There are many theories that try to explain what interest rates are. For example, the marginal productivity theory, developed by American economist John Bates Clark in The Distribution of Wealth (1899), implies that the interest is paid because capital is productive – the more productive the capital the higher the interest rate paid on it. Another explanation of interest rates comes from Knut Wicksell who, in his seminal work Interest Rates and Prices (1898), differentiated between the natural (real) interest rate, which is the by-product of supply and demand forces for goods (and services), and the rate that can be observed on credit, which is an entirely financial construct. Wicksell called this financial entity, the monetary (nominal) interest rate.

However, as Yogi Berra said: “In theory there is no difference between theory and practice. In practice it is.”

Therefore, in discussing interest rates we will look at their practical use, taking inspiration from Ray Dalio’s How the Economic Machine Works; as such, interest rates are the cost of servicing debt, the amount paid on cash deposits and the rate at which the future value of cash flows from assets such as stocks is discounted back to the present.

As a general rule, lowering interest rates makes servicing debt less costly, diminishes the amount savers get from cash deposits and boosts the present value of future cash flows. The converse is true when interest rates are increased.

Therefore, all else being equal, at a macroeconomic level, lower interest rates encourage more spending and less saving, stimulating demand and, as a result, uplifting economic growth – higher interest rates have the reverse impact.

We can think of interest rates as signals that direct the flow of money and credit across financial markets and different parts of an economy, both within mainland and cross-border.

Money supply

Another important monetary factor that impacts economic development and growth is money supply or, more specifically, broad money supply. The relationship between GDP and money supply is expressed by the following equation: MV = PT (or the quantity theory of money, developed by Irving Fisher).
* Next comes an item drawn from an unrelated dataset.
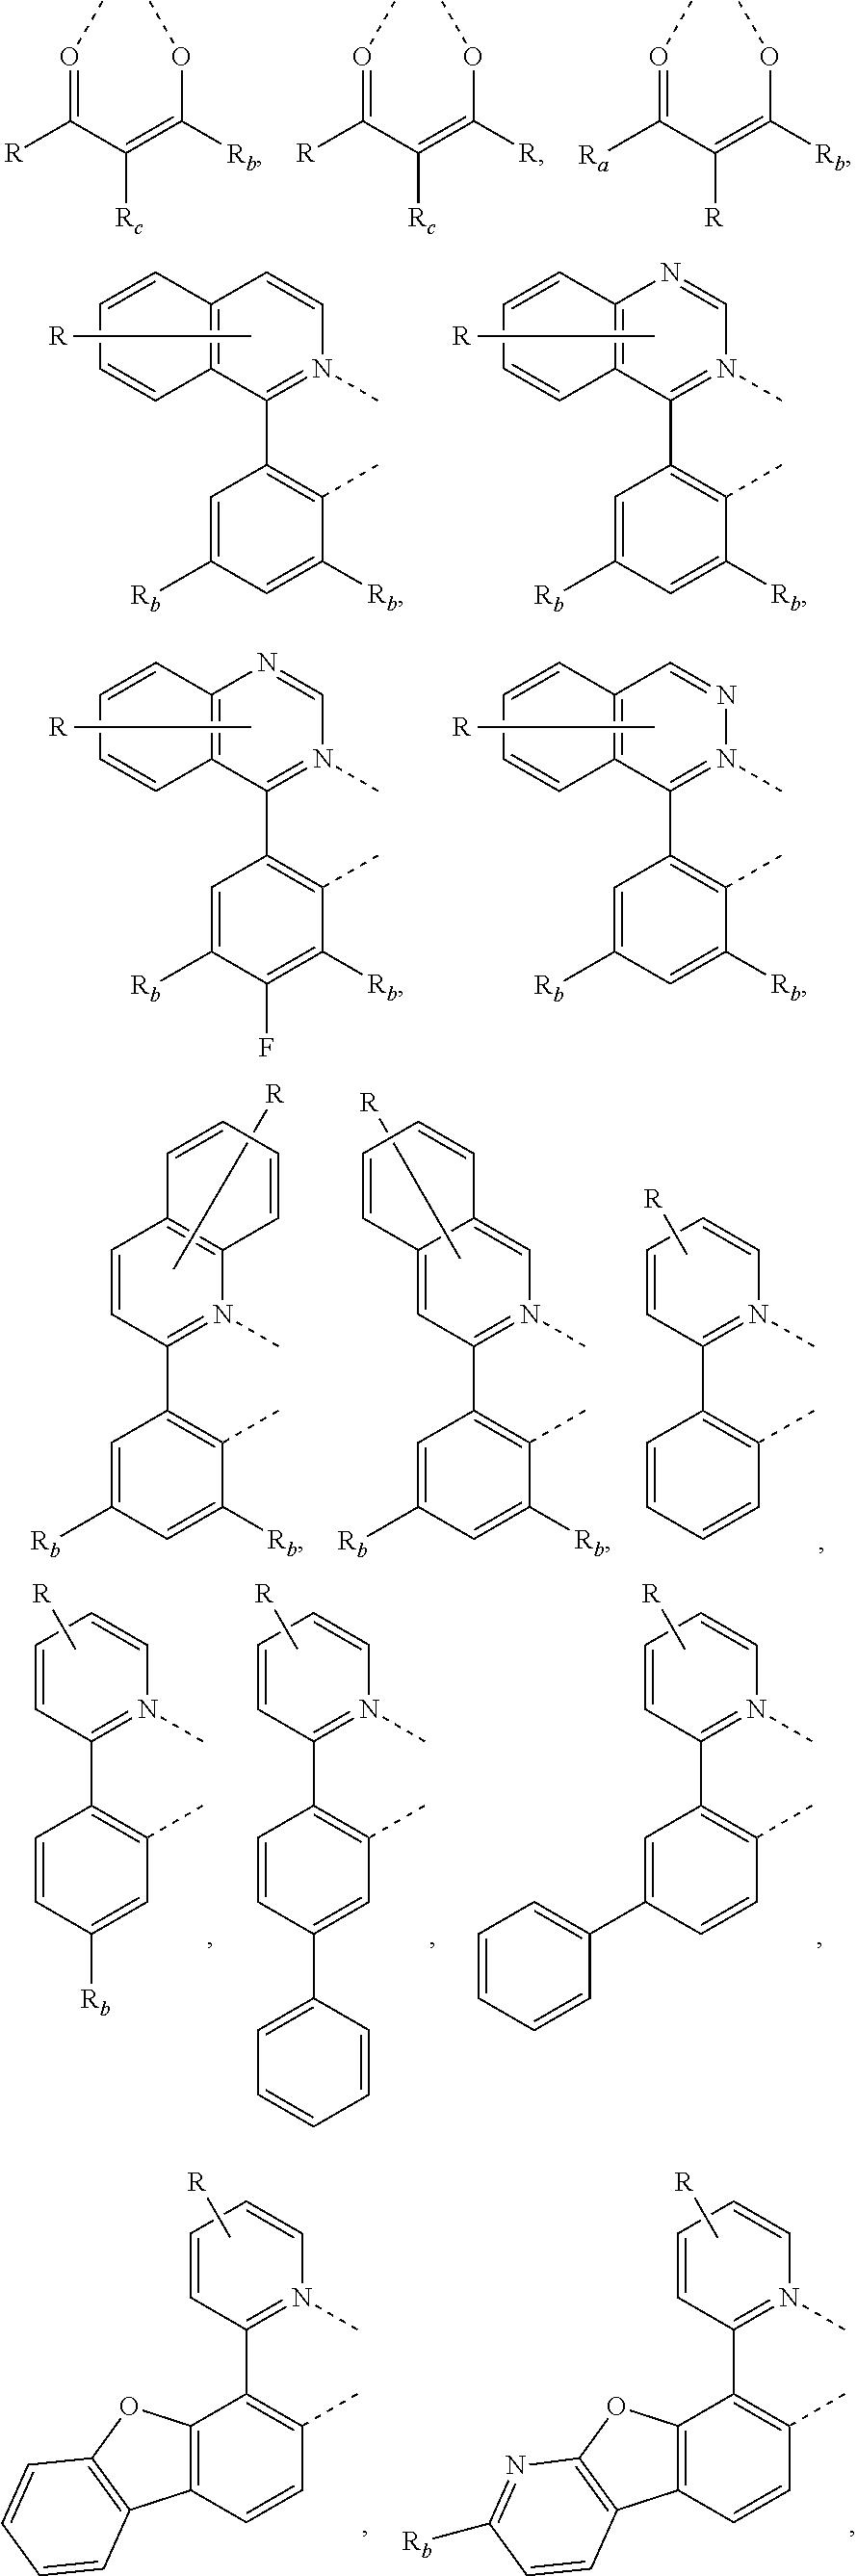 Figure US20180130962A1-20180510-C00224

M is the quantity of money, V is the velocity of money in circulation, P is the price level and T is the volume of transactions. For practical purposes, the equivalence can be re-written as: Growth in money supply x Velocity of money (the speed at which one unit of currency changes hands in an economy) = Inflation x Growth in real GDP; or: Growth in money supply x Velocity of money = Growth in nominal GDP.

Research done by the Institute of International Monetary Research demonstrates “a clear link in the last 30 years […] between the rates of increase in money (broadly-defined, to include all or nearly all bank deposits) and in nominal gross domestic product across the G20 leading nations”. For the mathematically inclined readers, the relationship can be expressed
as: ∆% NGDP = 0.78 + 0.91(∆% Broad Money), with an R-squared of 0.98.

Consequently, if the money supply drops, nominal economic growth also suffers – this was also very clearly demonstrated by Milton Friedman and Anna J. Schwartz in A Monetary History of the United States 1867 – 1960, in which they showed that a key cause of the USA’s 1929-1933 Great Depression was a c.40% fall in broad money supply.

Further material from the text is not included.